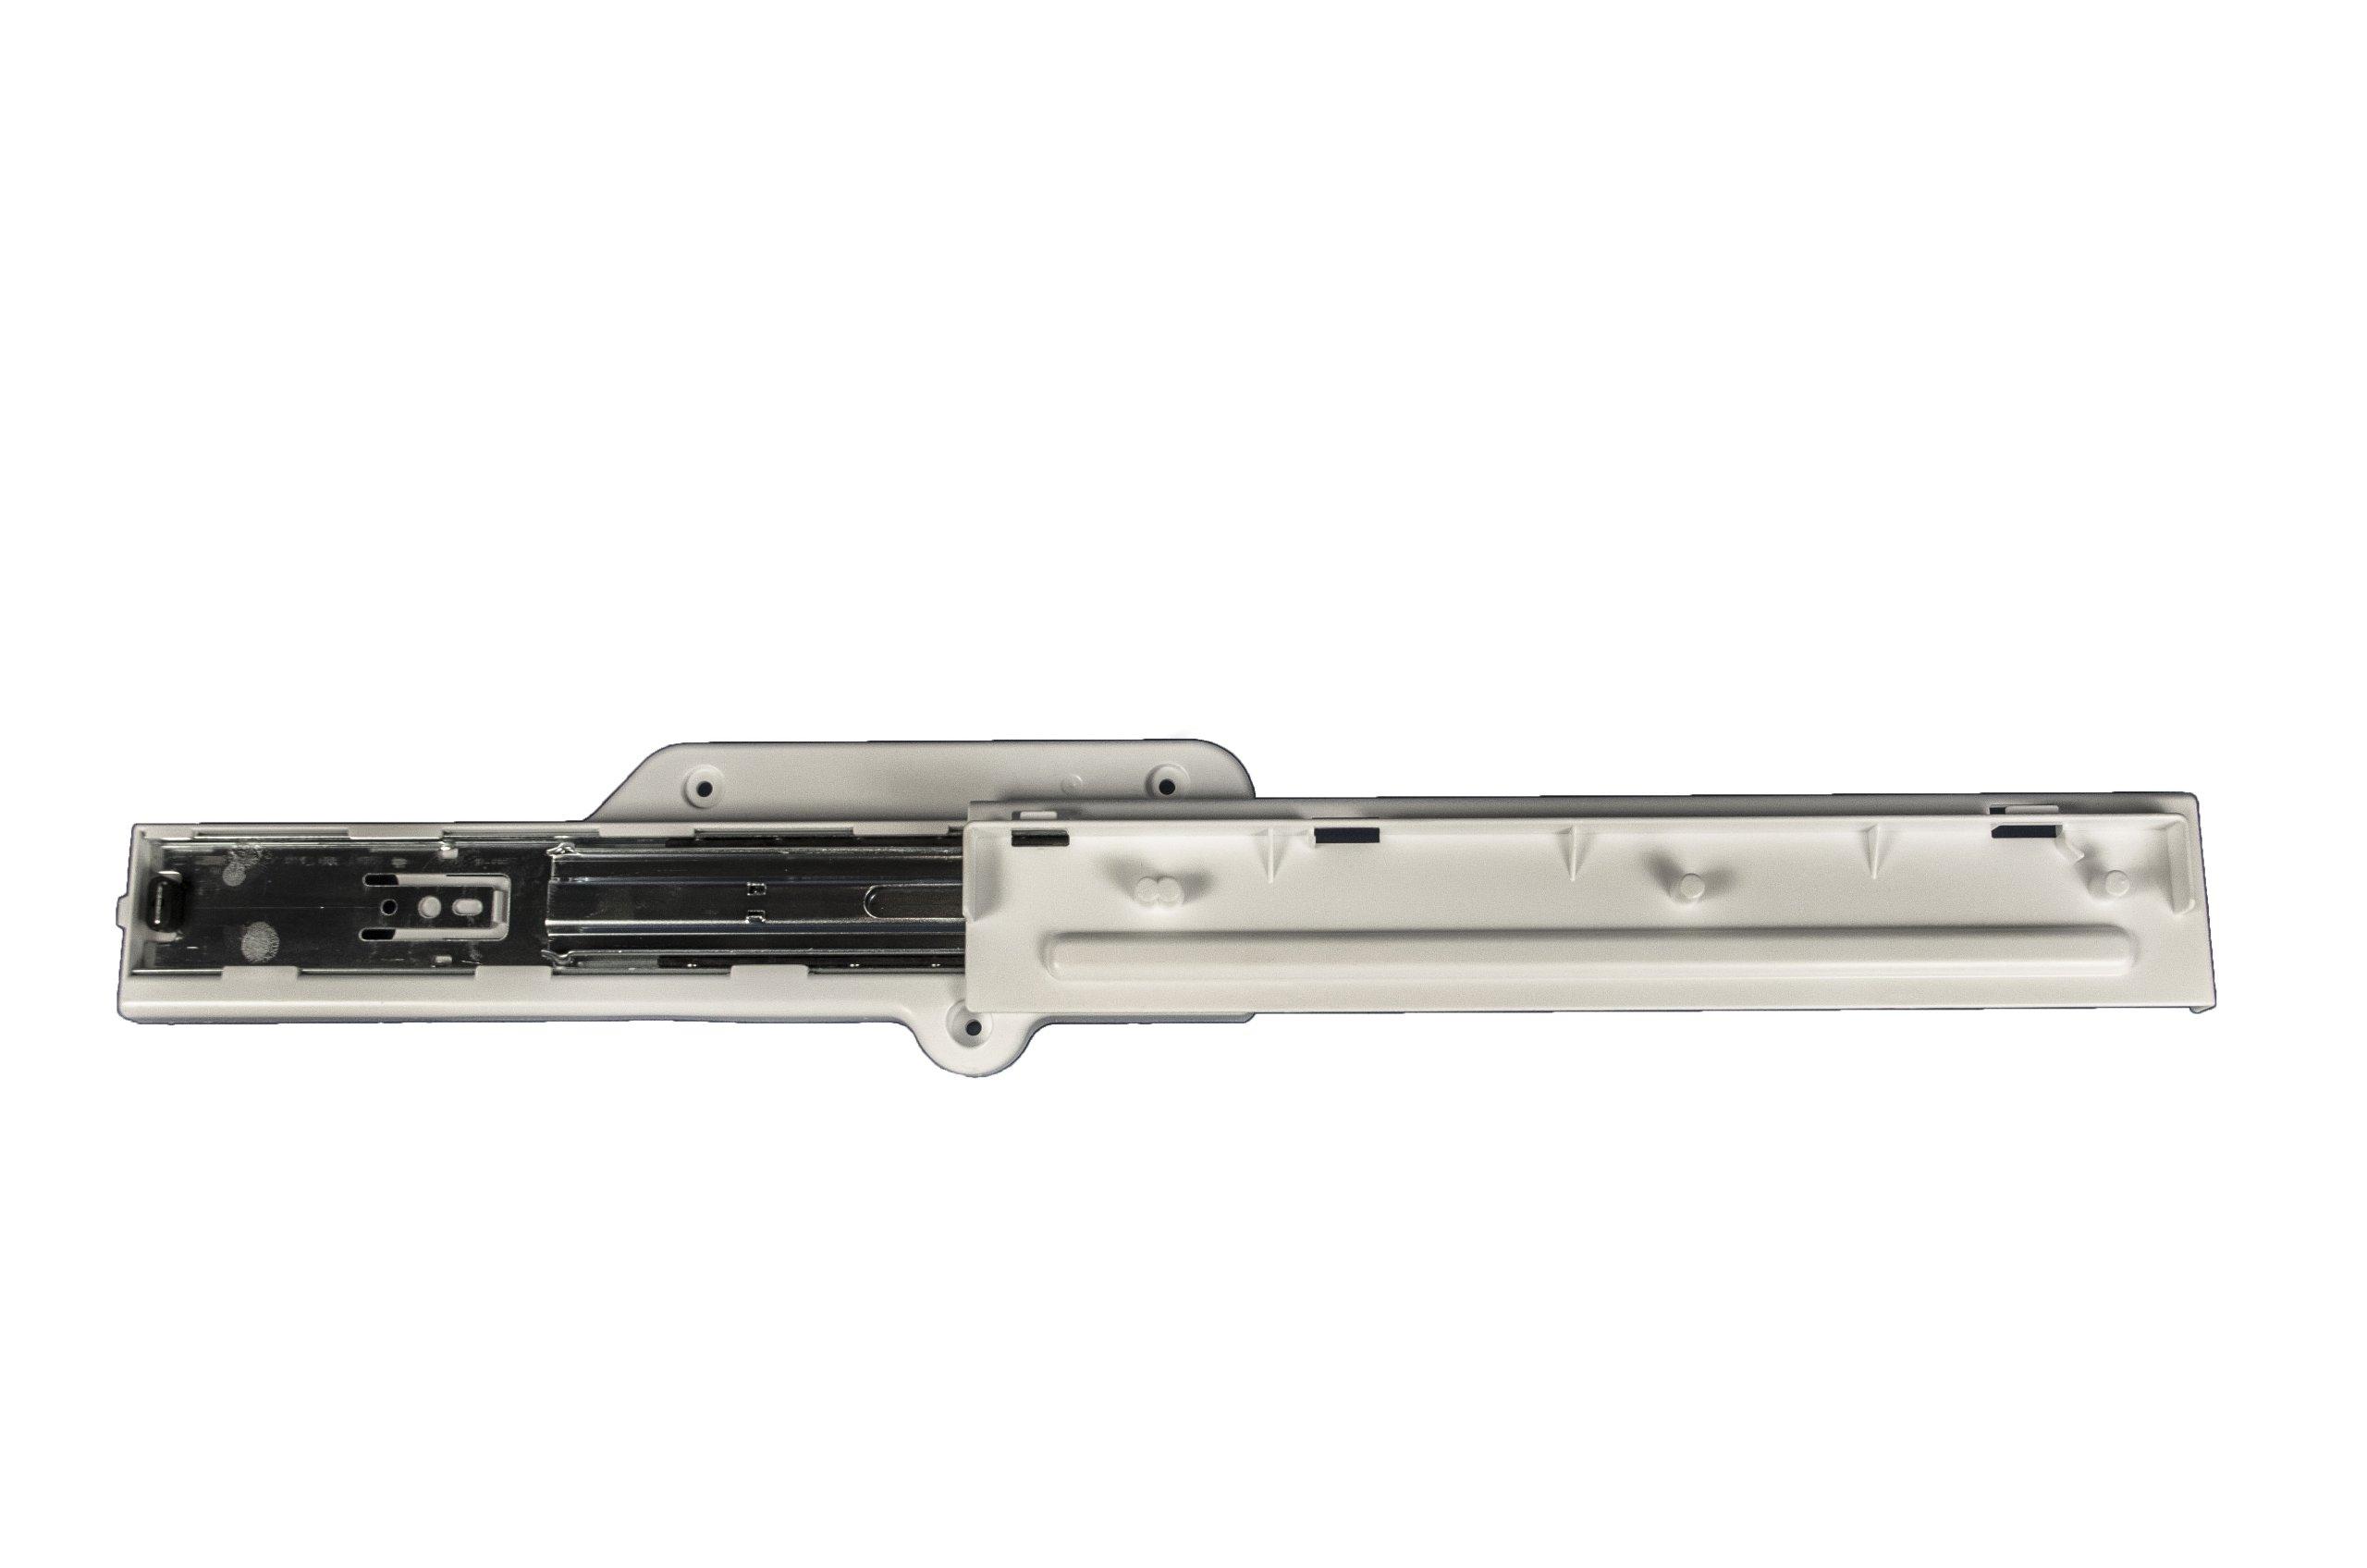 LG Electronics 4975JJ2028C Freezer Drawer Slide Rail, Right Side
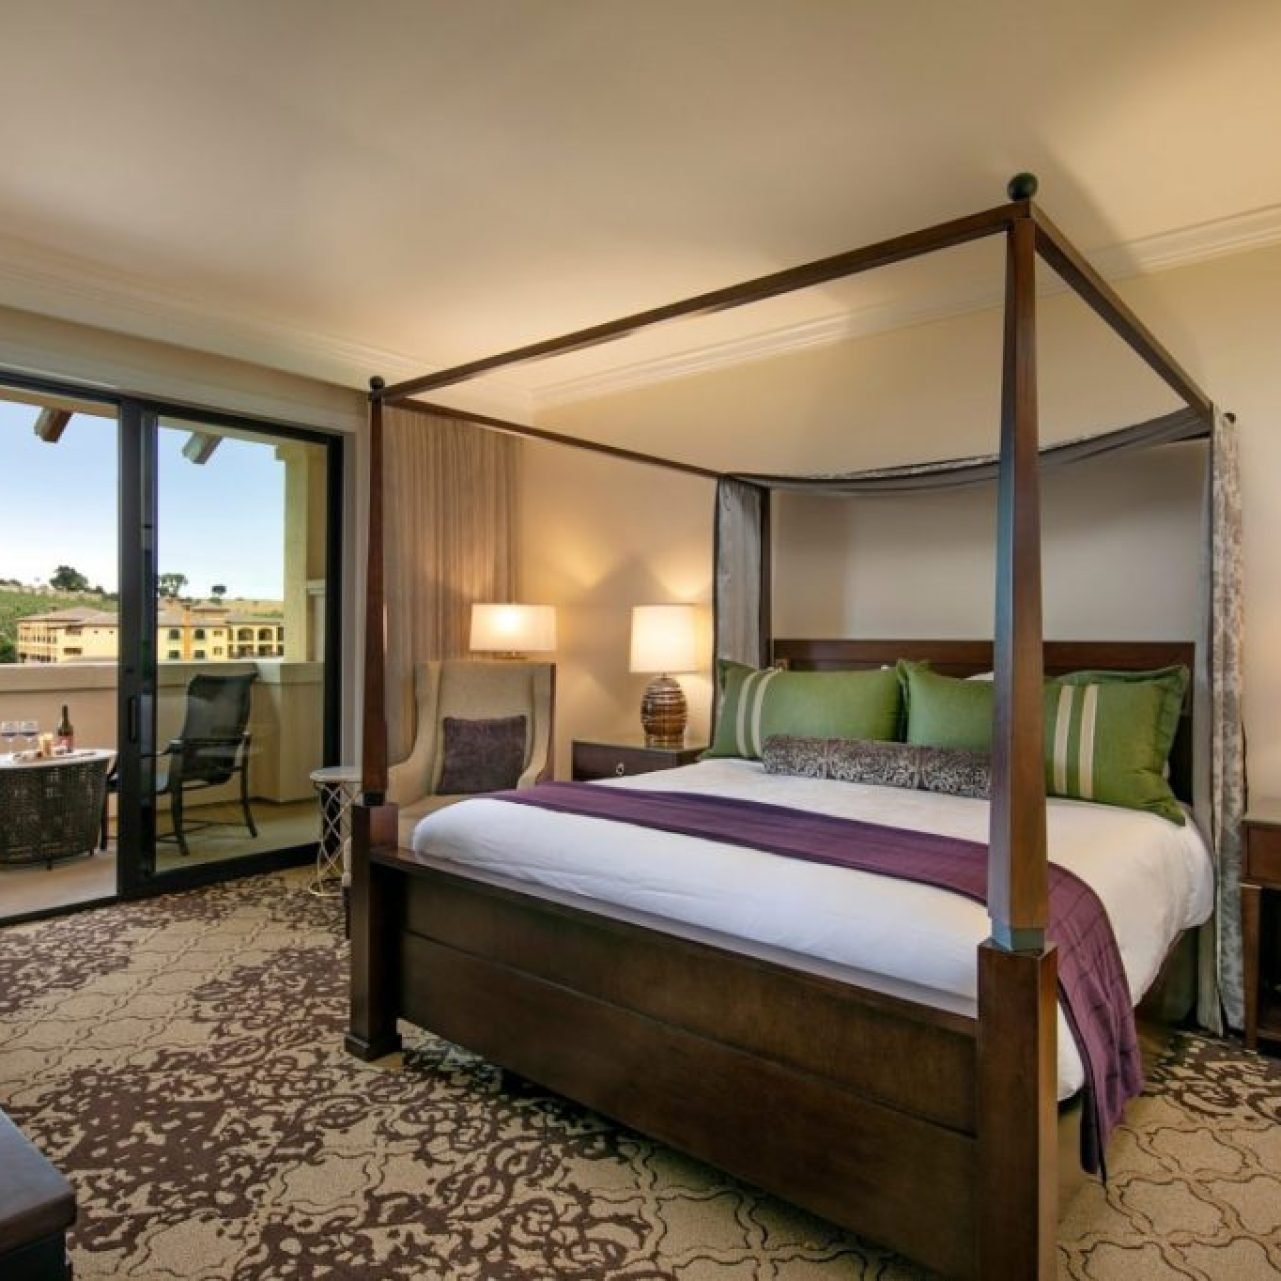 The Rooms at Vista Collina
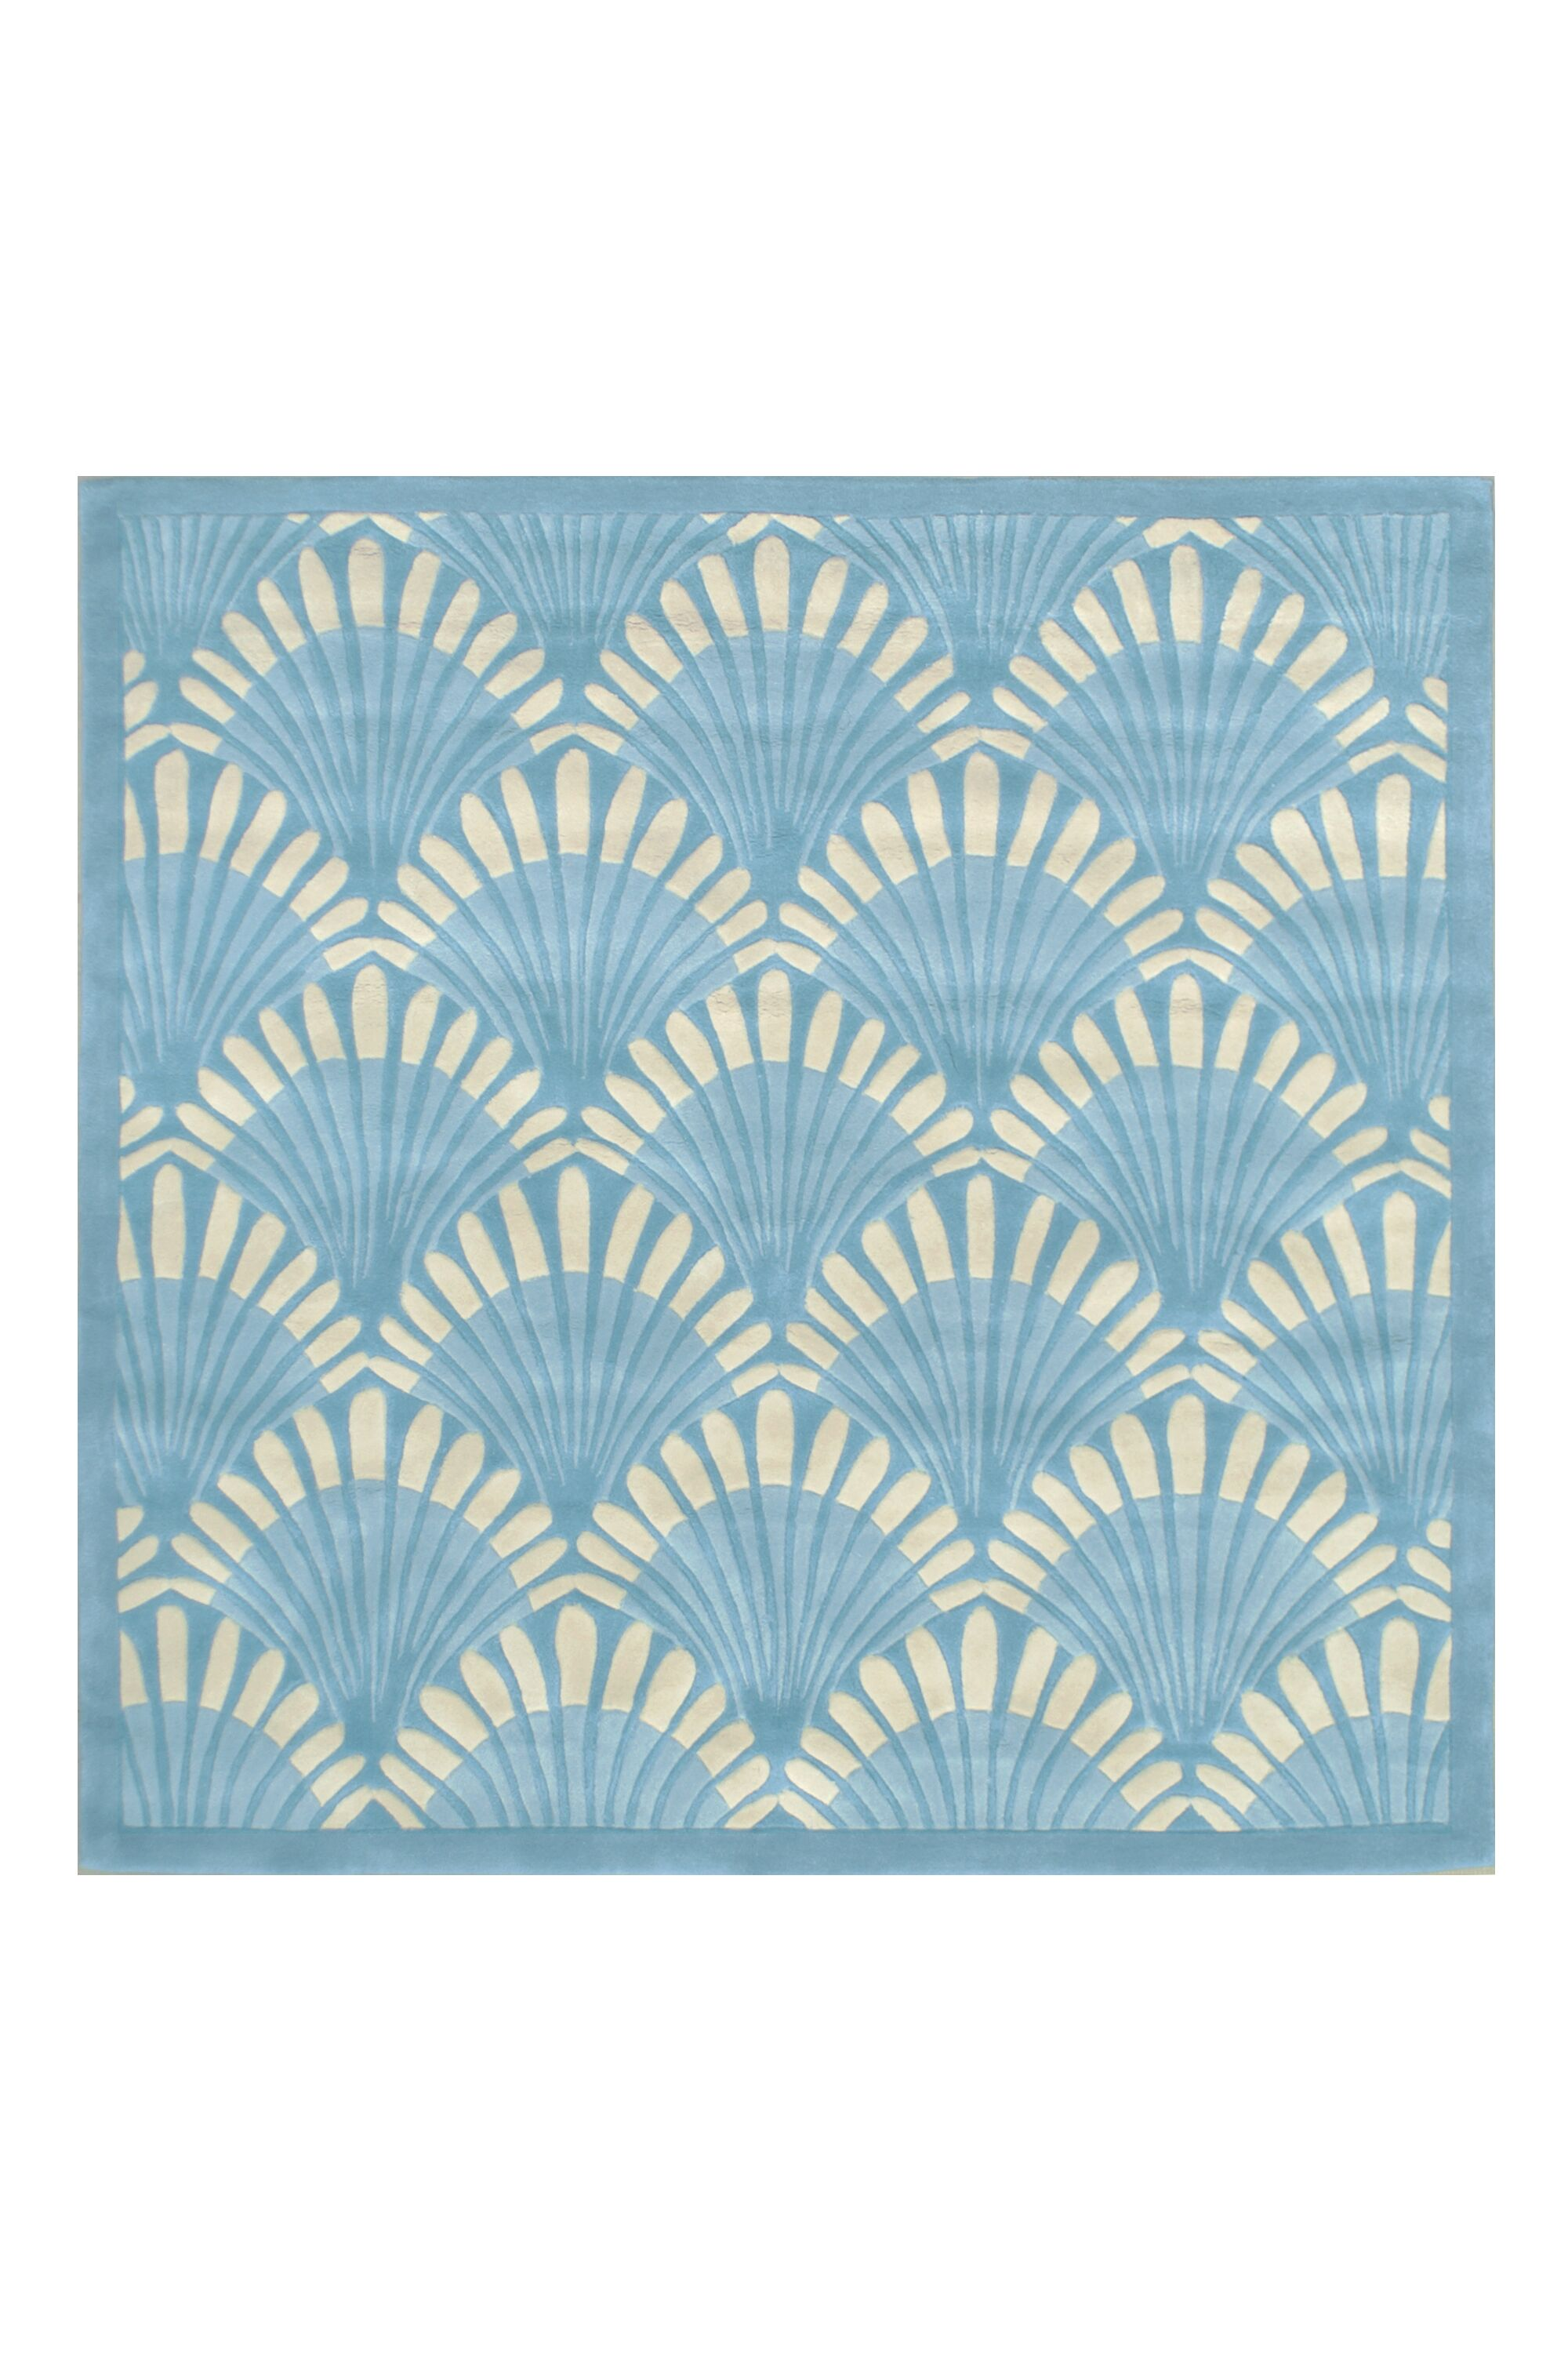 Aalin Hand-Tufted Blue Area Rug

__TASK STATEMENT__
Print the data once more without any change, skipping each picture.

__ANSWER TO THE EXERCISE__
 LG Electronics 4975JJ2028C Freezer Drawer Slide Rail, Right Side
 The Rooms at Vista Collina
 Aalin Hand-Tufted Blue Area Rug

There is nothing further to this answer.